Currently, Visa mobile payments are being rolled out in various countries worldwide, including Australia, Canada, Czech Republic, Brazil, France, Hong Kong, Italy, Malaysia, Poland, Singapore, Spain, Slovakia, Switzerland, Turkey, Britain and the United States.
“One of the reasons we’re so excited about the Olympics is that it generates a lot of excitement among consumers,” Ms. Janes said. “We will use our assets both at the games and around the city of London to get the word out, and the athletes using the NFC-enabled Olympic phones will generate consumer excitement as well.”
Visa is working with banks and retailers worldwide to increase acceptance for Visa contactless cards and NFC-enabled mobile phones.
Samsung and Visa will work together to provide the contactless-enabled Olympics handset to Visa and Samsung-sponsored athletes as part of this initiative.
The partners also plan to make the handset available for consumers to buy through mobile wireless carriers and other retail outlets and distributors.
A Visa-enabled SIM card will be required for use with the device in order to make purchases at retailers who have the contactless payment system.
Samsung claims that it launched one of the first commercial NFC phones in France in 2010. It then unveiled what it claims is the industry’s first Android phone equipped with NFC capabilities last year, the Google Nexus S, followed by the NFC-enabled bada smartphone, introduced at Mobile World Congress 2011.
So when is that next inflection point when contactless mobile payments will really reach the mainstream? Visa believes sooner rather than later.
“Visa does have commercial contactless mobile payments in select countries, and we are really optimistic about all off the momentum we’ve seen,” Ms.
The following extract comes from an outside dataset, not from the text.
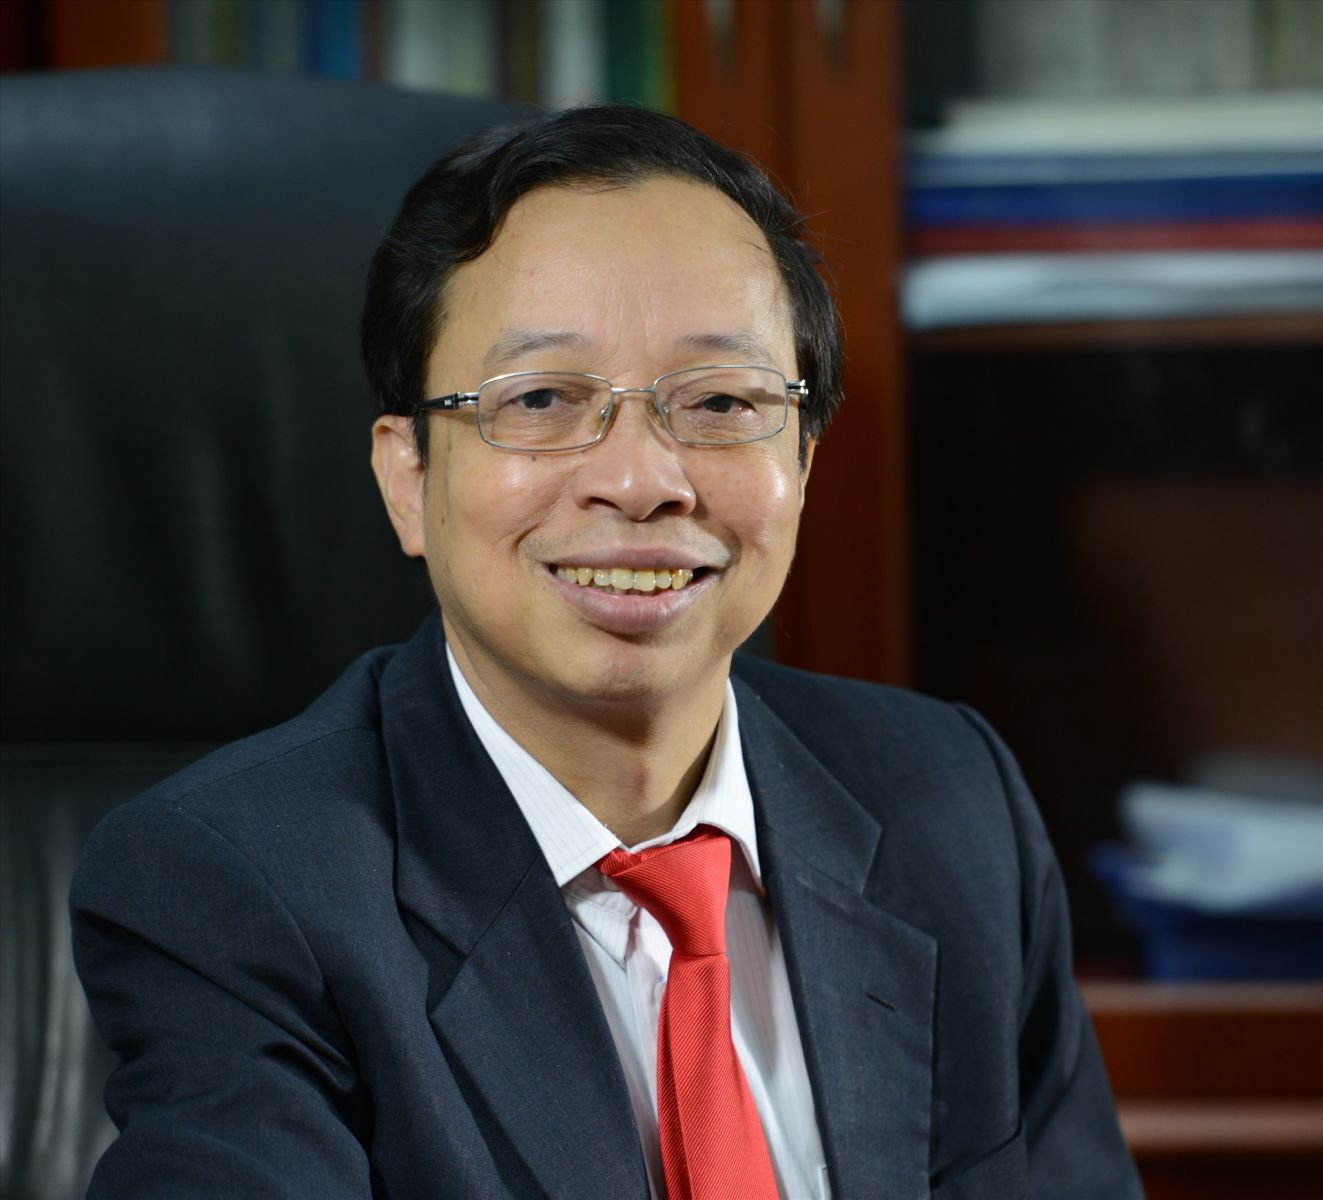 Ông Phạm Xuân Hòe: “Cần kiểm soát tín dụng theo cơ chế thị trường, thay vì sử dụng công cụ hành chính”- Ảnh 3.

Janes said. “What we’re hearing is big moves by a lot of the key stakeholders in terms of developing the technology, and we see more NFC-enabled handsets being shipped and more software available on more phones.
“Our approach is relatively technology-agnostic, as the [NFC chip] will sit on the SIM, but we are also using Micro SD cards,” she said. “We want to partner with various companies to get the widest reach possible for Visa contactless payments, and we’re seeing the right movement in the ecosystem.
“The hurdles are decreasing in terms of consumers adopting contactless mobile payments.”
This is small-scale deployment with some experimental flavor, according to a Gartner analyst.
“Please note there is no mention of bank and carrier partners,” said Sandy Shen, Shanghai, China-based senior analsyst at Gartner. “We will see similar announcements in coming days as some banks and carriers are working on their own deals.
“A good test of whether these services are successful is to see whether people would keep using it after the Olympics,” she said.